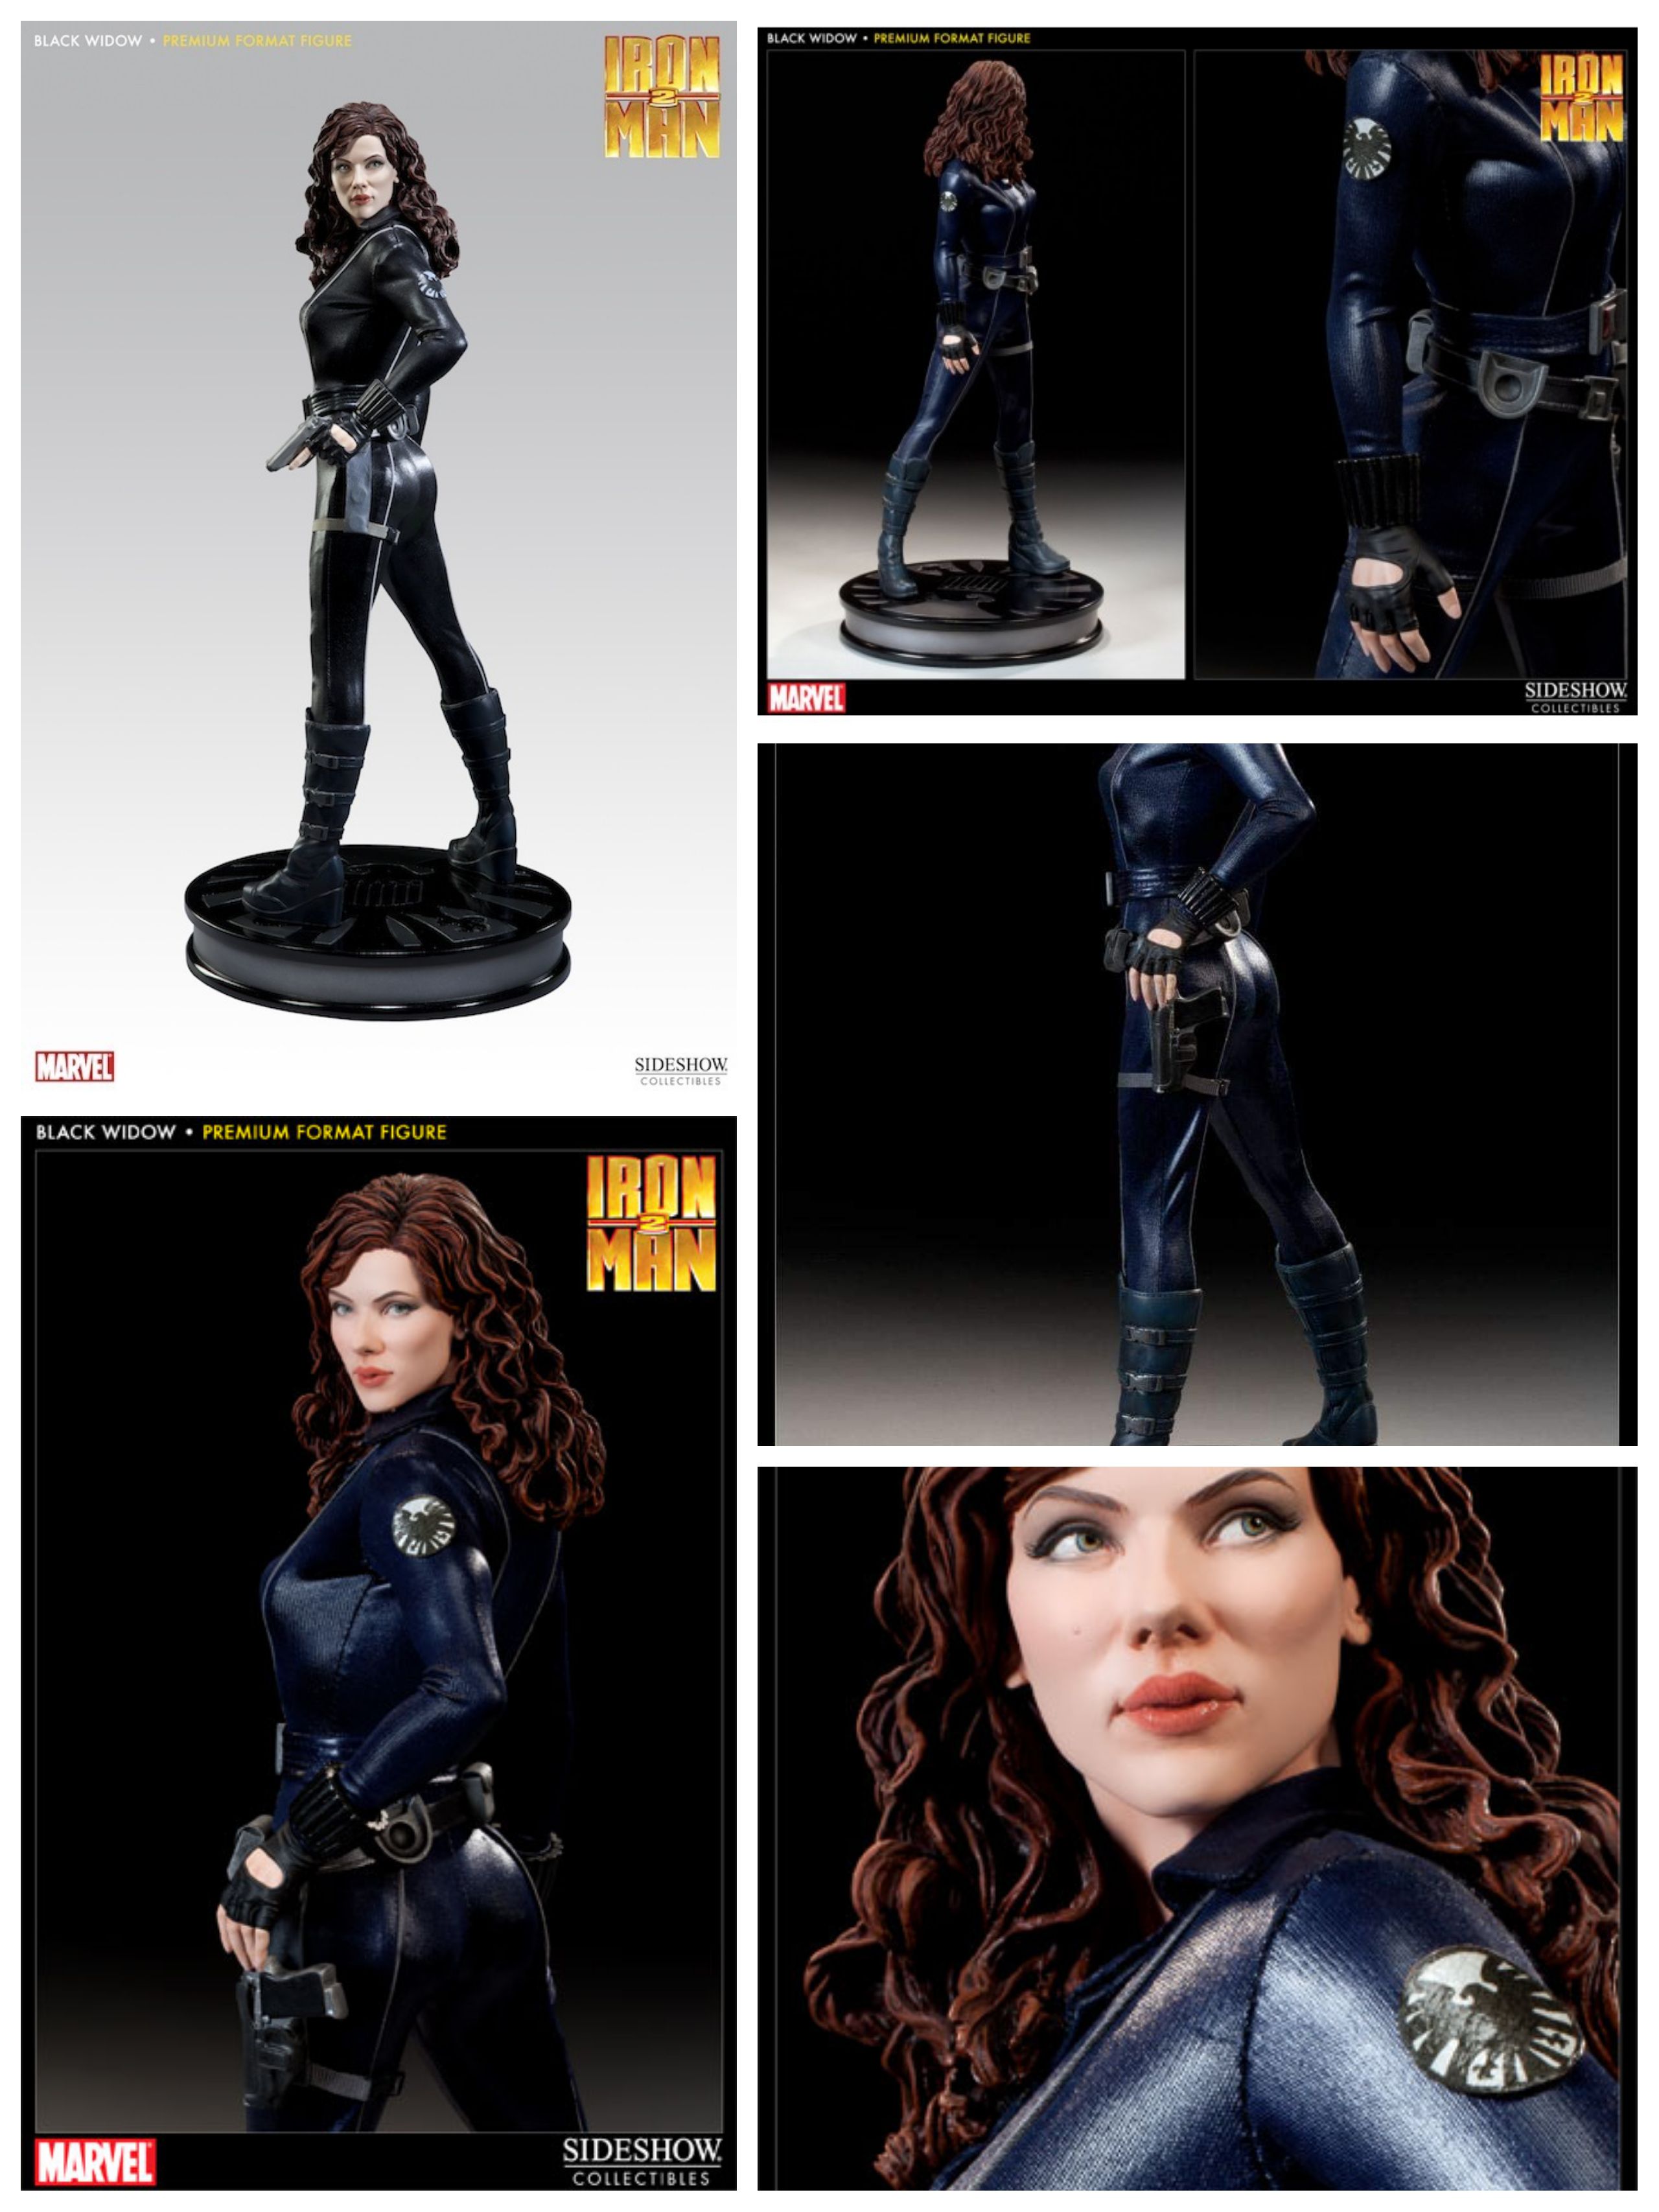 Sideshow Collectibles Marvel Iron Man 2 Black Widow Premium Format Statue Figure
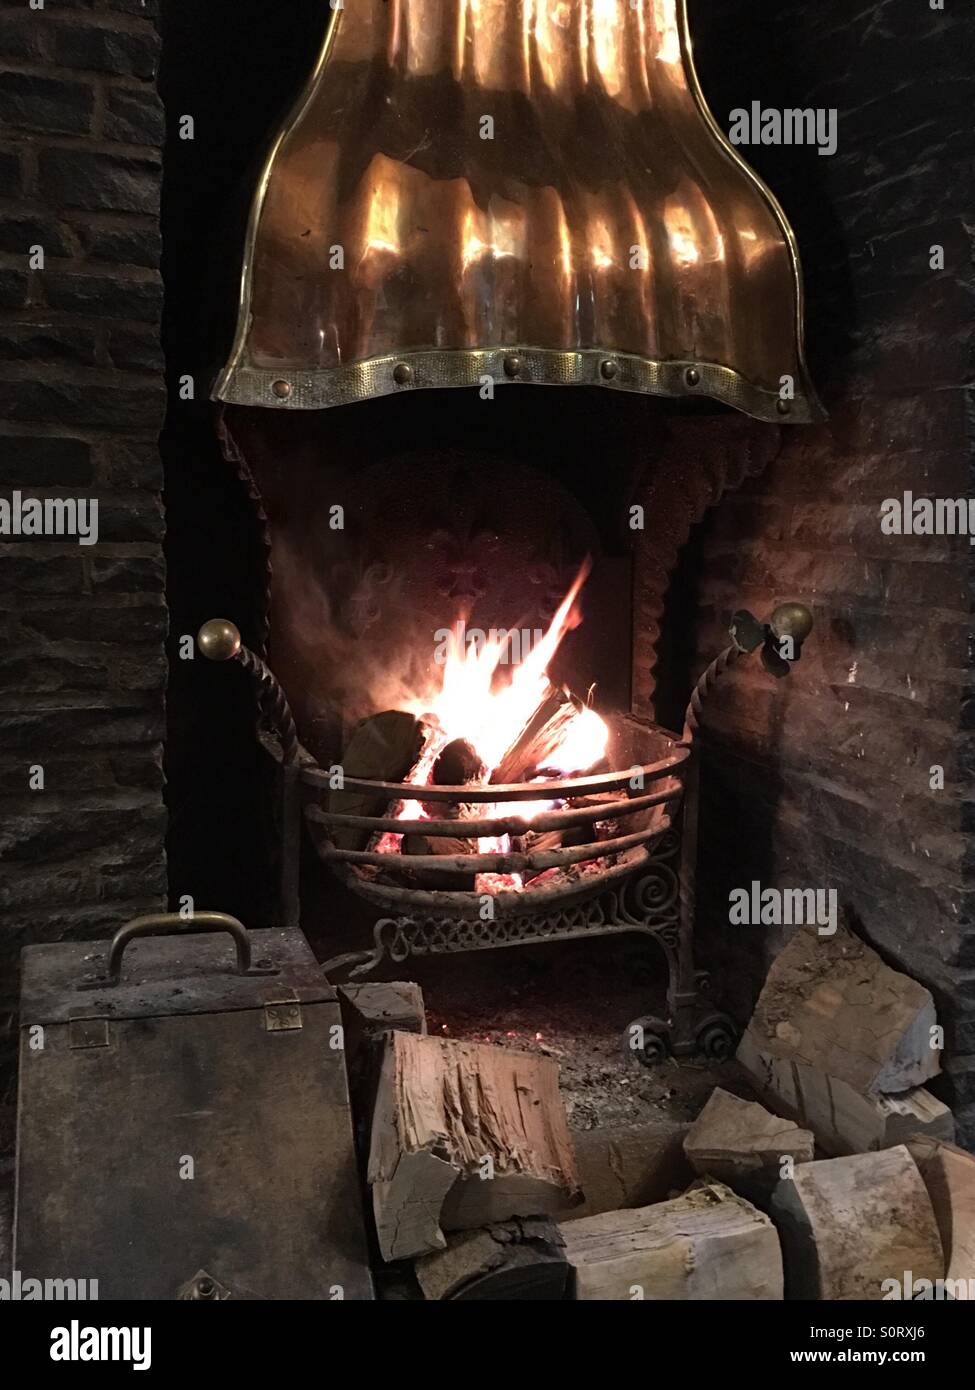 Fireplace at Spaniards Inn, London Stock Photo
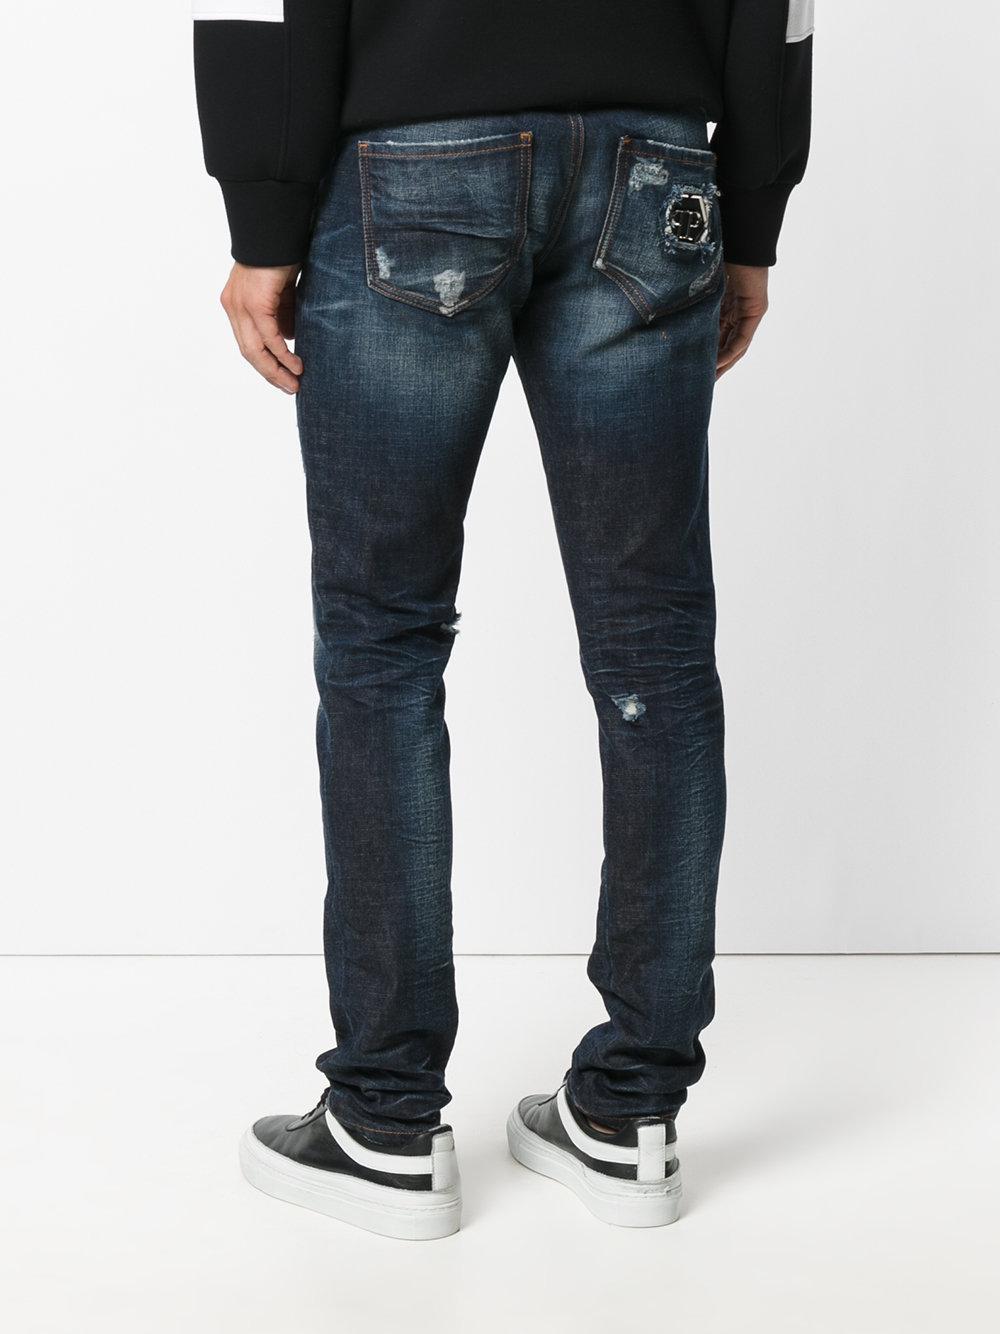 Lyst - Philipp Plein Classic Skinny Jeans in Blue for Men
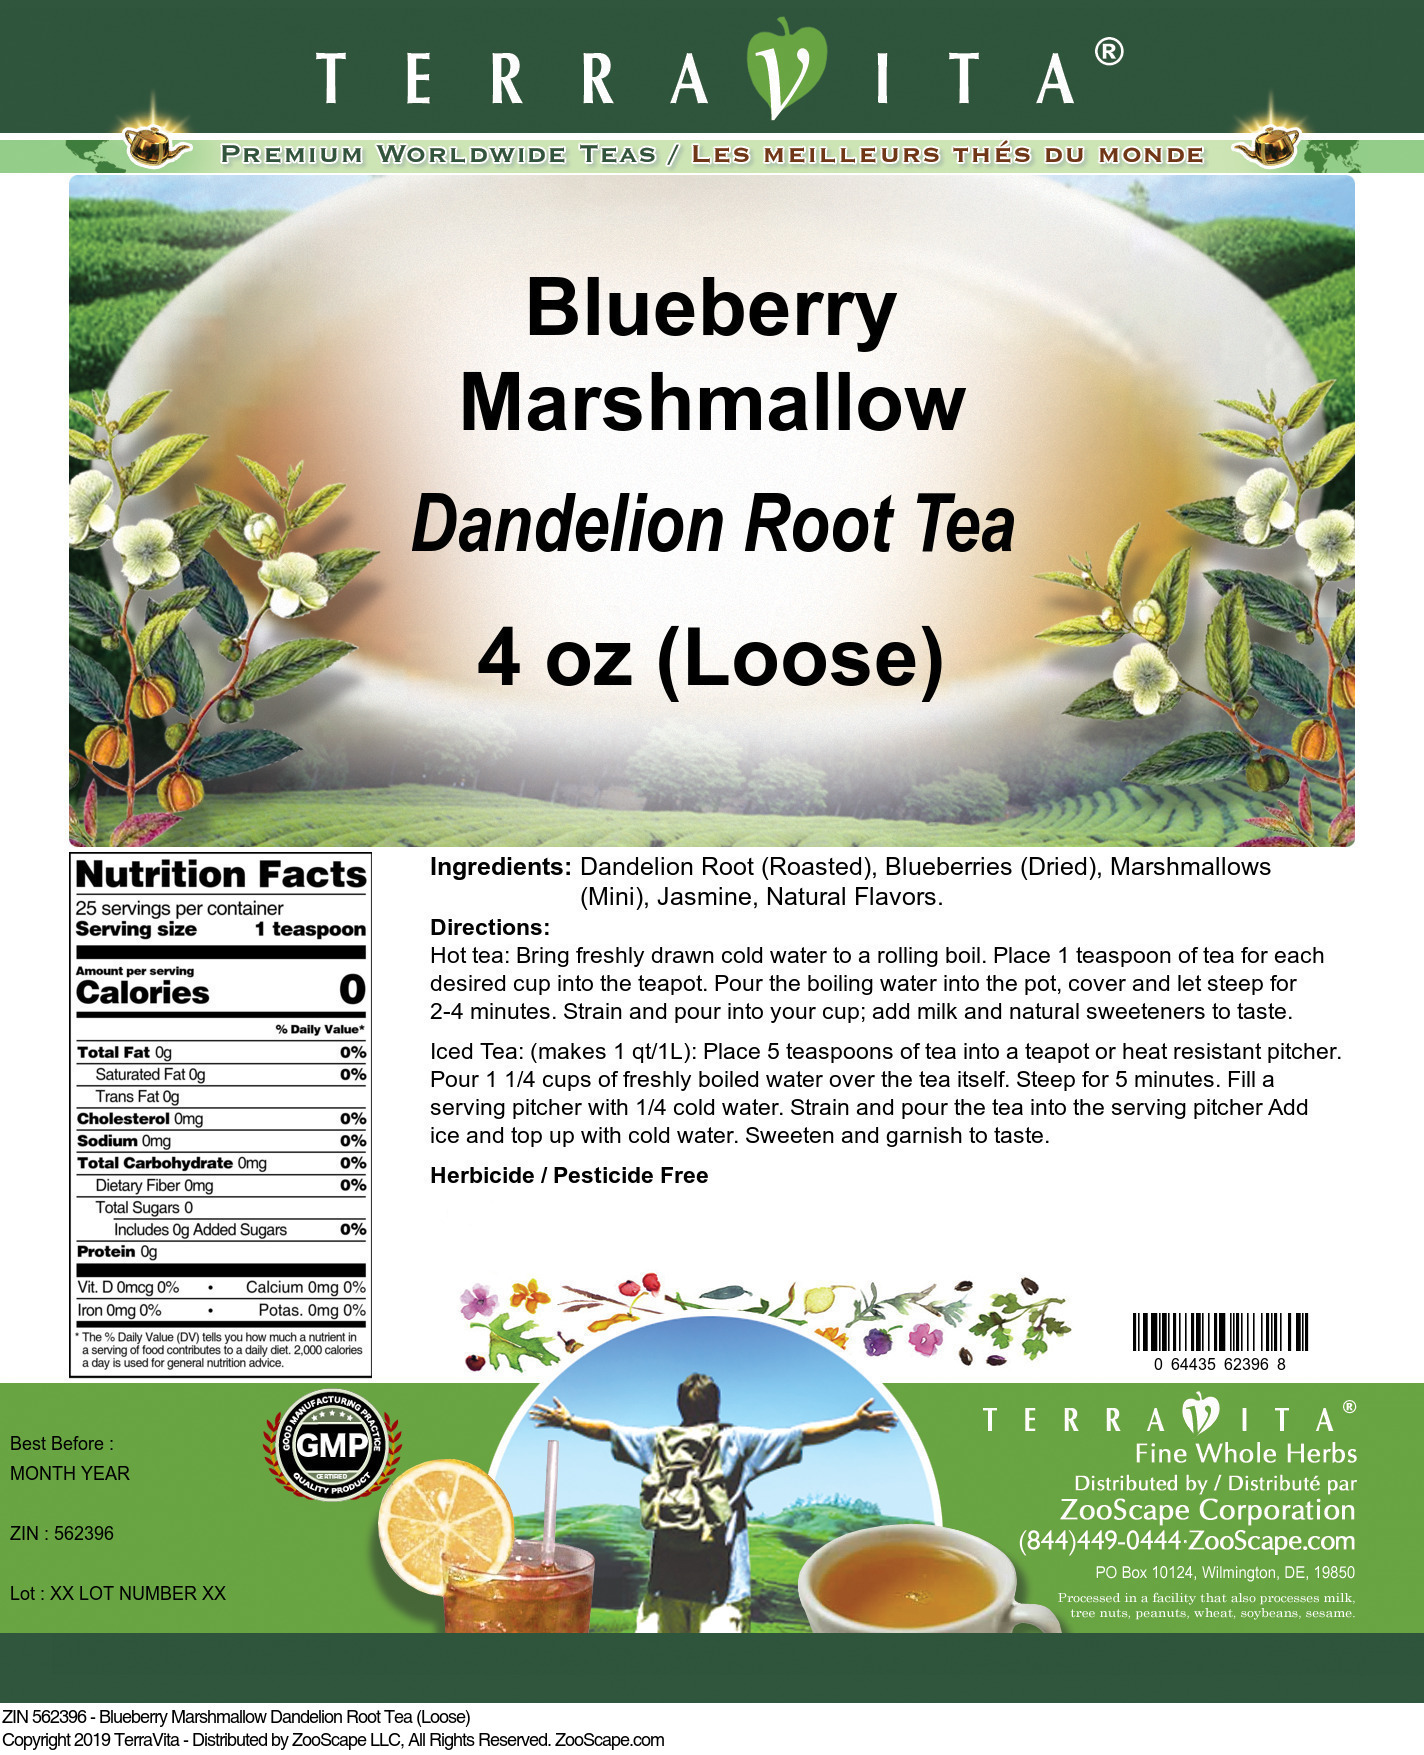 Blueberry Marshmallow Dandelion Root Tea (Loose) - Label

• **Prompt**
Your answer must be the lines from the one containing "Fireplace at Spaniards" through the last line of the listing above, restated word for word, with no pictures.

• **Result below**
 Fireplace at Spaniards Inn, London Stock Photo
 Lyst - Philipp Plein Classic Skinny Jeans in Blue for Men
 Blueberry Marshmallow Dandelion Root Tea (Loose) - Label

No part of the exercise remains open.